A carta de renúncia foi lida após o presidente do STF, Joaquim Barbosa, ter assinado documento comunicando aos presidentes da Câmara dos Deputados, Henrique Eduardo Alves (PMDB-RN), e do Senado, Renan Calheiros (PMDB-AL), sobre o fim do processo. A prisão daria início à abertura do processo de cassação em função da condenação definitiva. “Encaminho à Vossa Excelência cópia de decisão em que neguei seguimento aos embargos infringentes opostos pelo réu Valdemar Costa Neto, por faltar-lhe requisito essencial de admissibilidade e por considerá-lo protelatório. Determinei a imediata certificação do trânsito em julgado e o consequente início da execução do acórdão condenatório”, diz o documento assinado por Barbosa.

O vice líder do PR, Luciano Castro, disse que Costa Neto deve se apresentar ainda hoje na Polícia Federal (PF). Para Castro a decisão de renunciar foi correta. “Acho que, diante da situação foi uma decisão acertada.

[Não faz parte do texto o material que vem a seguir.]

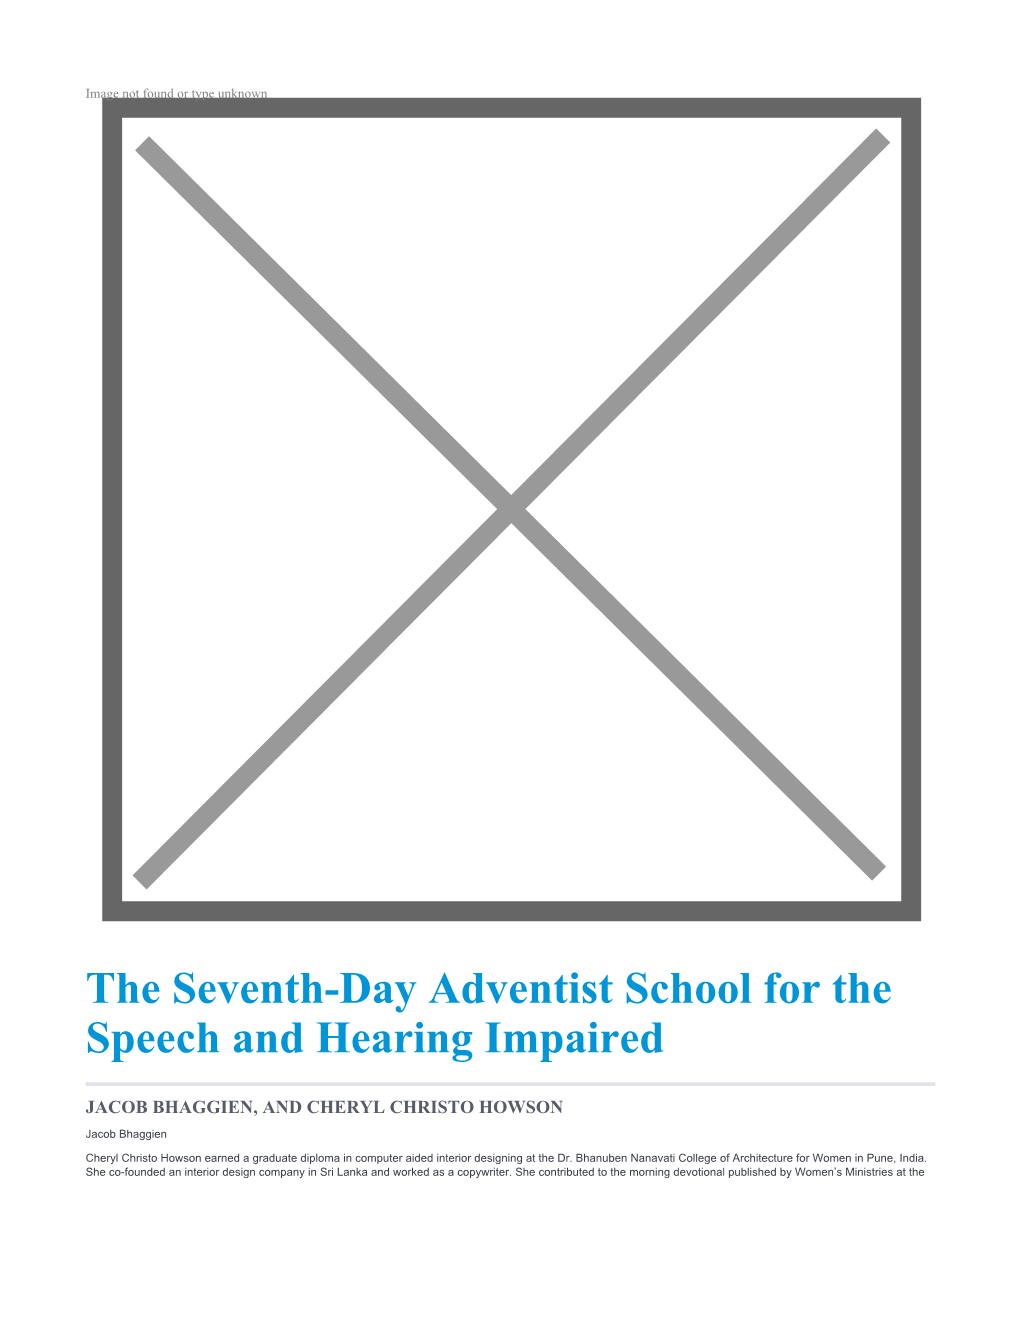 The Seventh-Day Adventist School for the Speech and Hearing Impaired
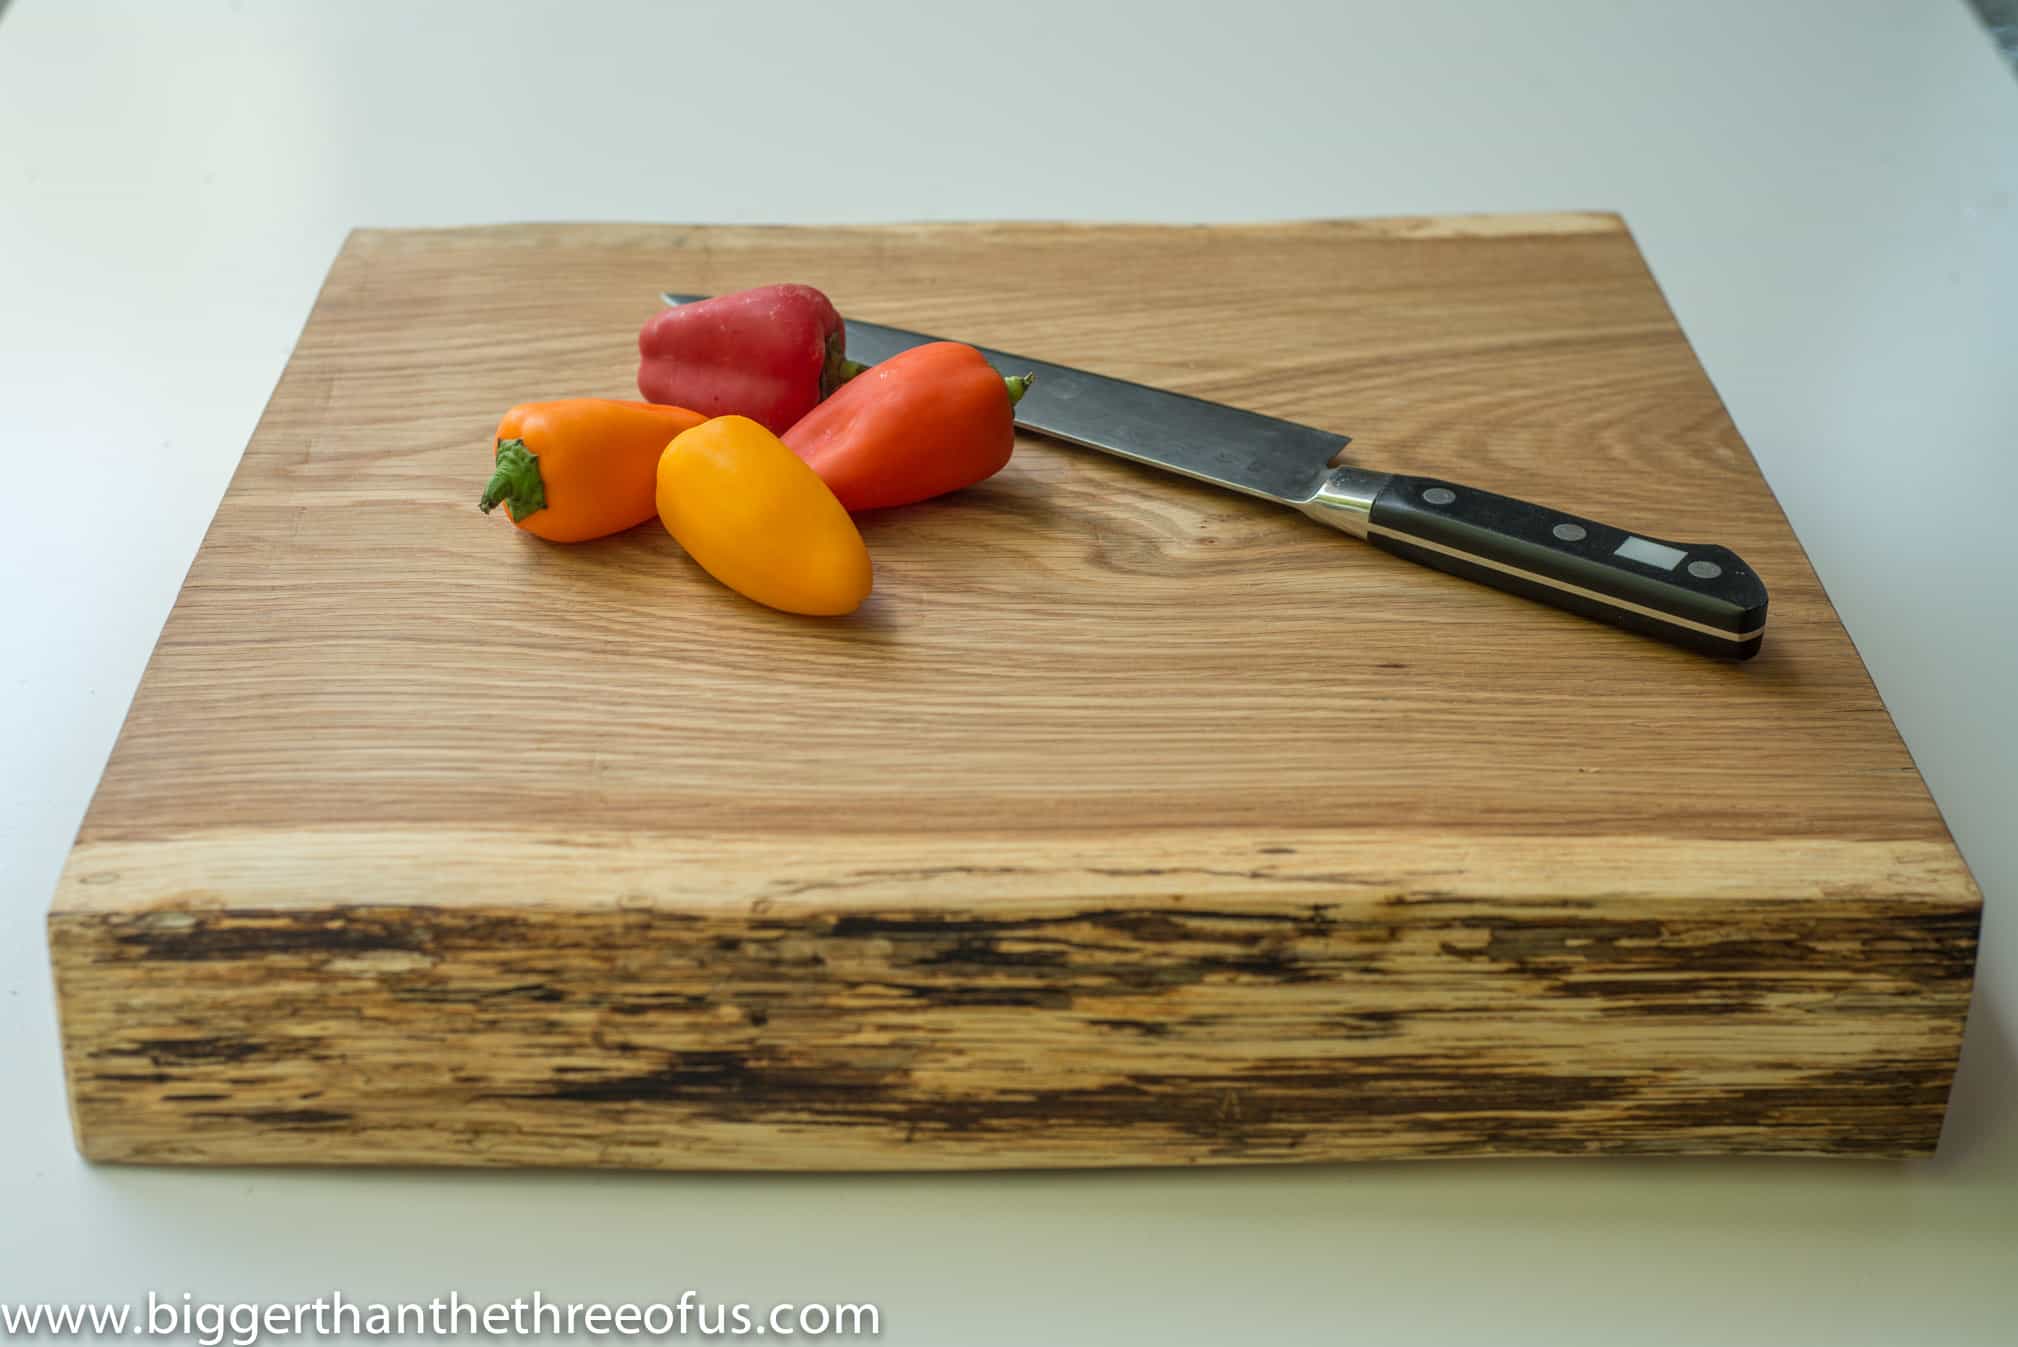 Want to make your own cutting board? This tutorial will show you how to make a cutting board... it's easy!

Coube ao destino que eu estive aqui hoje como companheiro de partido e lesse a carta e encaminhasse ao presidente da Casa”, disse.

Além de Costa Neto, condenado a sete anos e dez meses, por corrupção passiva e lavagem de dinheiro, em regime semiaberto, também tiveram a prisão decretada hoje, o ex-deputado federal Pedro Corrêa,(PP-MT), condenado sete anos e dois meses de prisão, por corrupção passiva e lavagem de dinheiro; o ex-deputado federal Bispo Rodrigues, do PL (atual PR), condenado a seis anos e três meses de prisão por corrupção passiva e lavagem de dinheiro; e o ex-diretor do Banco Rural Vinícius Samarane, condenado a oito anos e nove meses de prisão por lavagem de dinheiro e gestão fraudulenta.

Na terça-feira (3), o ex-deputado José Genoino também apresentou carta de renúncia, durante reunião da Mesa Diretora que iria decidir sobre a abertura do processo de cassação do seu mandato.

José Dirceu desiste de emprego em hotel de Brasília

A defesa do ex-ministro da Casa Civil José Dirceu anunciou que ele desistiu do emprego oferecido pelo Hotel Saint Peter, em Brasília. Em nota divulgada hoje (05/12/2013) os advogados afirmaram que “o clima de linchamento midiático instalado contra José Dirceu e contra a empresa” fez o ex-ministro abrir mão da proposta.

Dirceu seria contratado para trabalhar como gerente administrativo do hotel, e deveria receber salário de R$ 20 mil. O horário de trabalho seria das 8h às 17h, com uma hora de almoço. Na ficha de solicitação de emprego, Dirceu disse que se candidatou ao emprego “por necessidade e por apreciar hotelaria e a área administrativa”.

Na nota, a defesa de Dirceu reafirmou que a proposta de emprego seguiu todas as formalidades previstas na legislação, como carteira assinada. Segundo os advogados, a proposta foi tratada pela imprensa como “uma farsa” para impedir que o ex-ministro possa trabalhar.

Segundo a defesa, Dirceu tem direito a trabalhar e a ficar em um presídio com condições dignas de higiene e de segurança. “Não se busca privilégio, apenas o cumprimento da lei. Mas José Dirceu não considera justo que outras pessoas, transformadas em alvo de ódio e perseguição exclusivamente por gesto de generosidade, estejam obrigadas a partilhar da sanha persecutória que se abate contra ele. Por isso, renuncia à oferta de emprego do Hotel Saint Peter e agradece a boa vontade de seus proprietários”, afirmou a defesa.